The Challenges of Web Accessibility
Nowadays, we're engaging in more and more activities online–from reading news to banking to conducting business. At this point, not having access to the Internet is a huge liability. Unfortunately, according to AFB's Public Policy Center, one of the foremost authorities on statistics relating to the blind and visually impaired population, people who are blind or visually impaired are lagging behind.
Interpreting data from the Census Bureau's 1999 Survey of Income and Program Participation, AFB determined that there is a very large difference (over 30%) in rates of access to the Internet and regular computer usage between people with no disabilities and people with limitations in seeing. In addition, people with more severe visual impairments, have even lower rates of both access to the Internet and regular computer use than do those who report difficulty seeing.
Why is there such a disparity? First of all, few web designers follow guidelines for accessibility. Although the Web Accessibility Initiative of the World Wide Web Consortium (W3C) publishes guidelines online, not everyone knows about them. Moreover, only companies that have government contracts are mandated by Section 508 of the Americans with Disabilities Act (ADA) to make their websites accessible. Training for developers in this area is also not readily available in most places, so many sites lack good text descriptions of images, properly labeled forms, and logically ordered content. There are no easy solutions to many accessibility problems, especially since computer technology itself continues to progress and change at lightning speed.
In response to these issues, AFB has offered its website–www.afb.org–as a good example of how to create and maintain a website that is fully functional for all people–sighted or visually impaired. Leading the way in the movement to create web sites that are fully functional for everyone, sighted or visually impaired, AFB's website is not only fully accessible, it offers features which are customizable.
People have begun to take notice. "This new 'soft' structure of [AFB's] website," remarks Guido D. Corona, an advisory market specialist with IBM's Worldwide Accessibility Group, "where the semantics of a page are not tightly coupled with a particular visual presentation, but rather allow a user to customize the view according to personal needs, preferences, or output device requirements and restrictions, may likely be the way of the future."

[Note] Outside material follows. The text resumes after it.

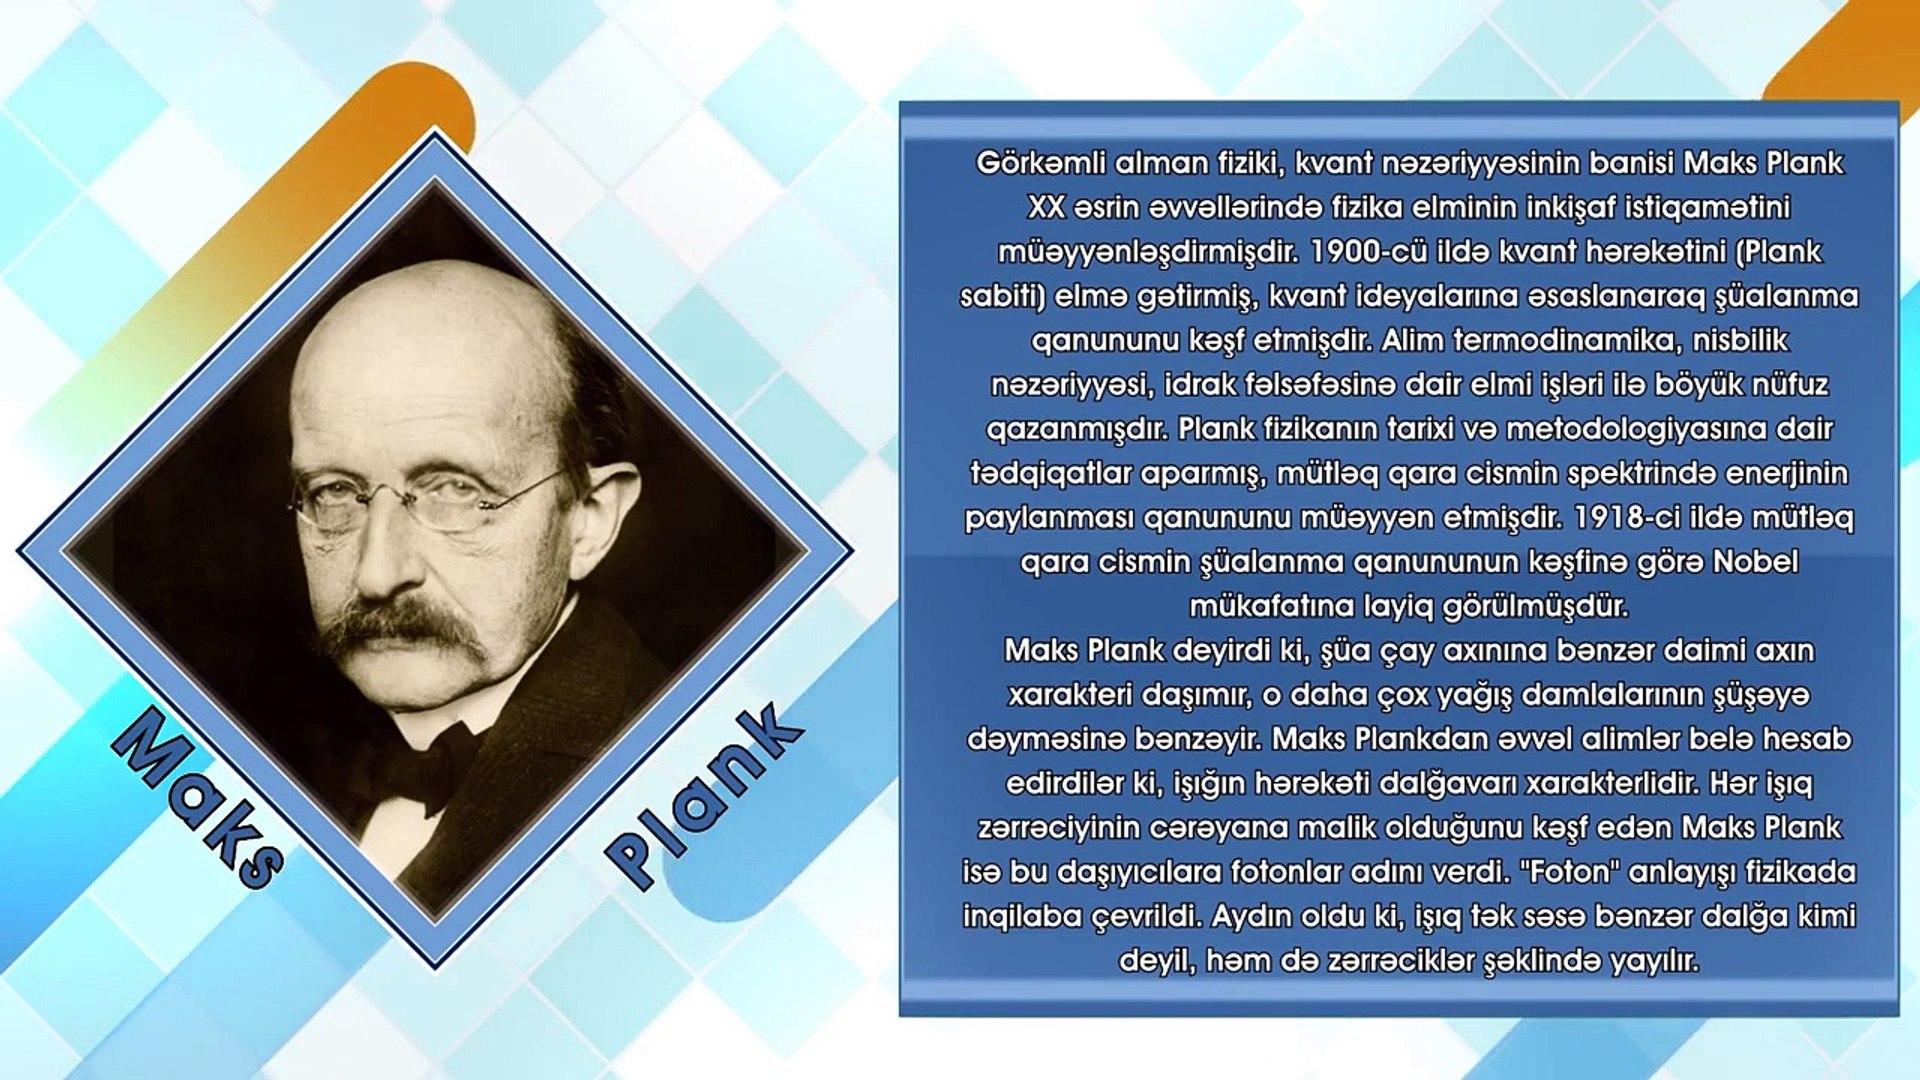 İman edən alimlər - Maks Plank

However, to reach such a goal, it is critical that web designers understand how to integrate accessible functions and practices into their site designs. "Raising awareness among web designers," said Judy Brewer, director of W3C's Web Accessibility Initiative, "is a pressing issue. Although many designers are currently not familiar with accessibility issues, we hope that accessibility concerns will eventually become a standard phase of the design process. After all, before the ADA, designing buildings with entrance ramps would have been thought strange; now we all expect it as the norm."
More and more organizations are asking designers to make their websites accessible–and for good reason. First of all, the more people who can use a site, the more potential clients it can generate. Online stores, in particular, have a great deal to gain, since many people who are blind or visually impaired find it much easier to shop independently through the Internet than to go to a store in person. Companies with government contracts, by law, must make their web sites accessible according to Section 508 of the ADA. In addition, businesses gain a more positive reputation by being socially responsible.
Perhaps most importantly, however, accessible websites tend to be better designed in general. Chances are, designing for accessibility leads the programmer to examine site navigation and the information being presented more closely. "A good website," said Corona, "is accessible for people with disabilities, usable in terms of navigation and logical structure, and useful with regard to the information being presented–usually with a specific audience in mind. In my opinion AFB's website has all three characteristics."
The future looks bright for web accessibility. Although more and more web applications are being developed that present challenges to accessible design, history shows us that accessibility finds its way into the mainstream. The Internet seems destined, by its very nature, to be fully accessible to everyone. "The web was always intended to be interactive," said Brewer. "All people should be able to contribute."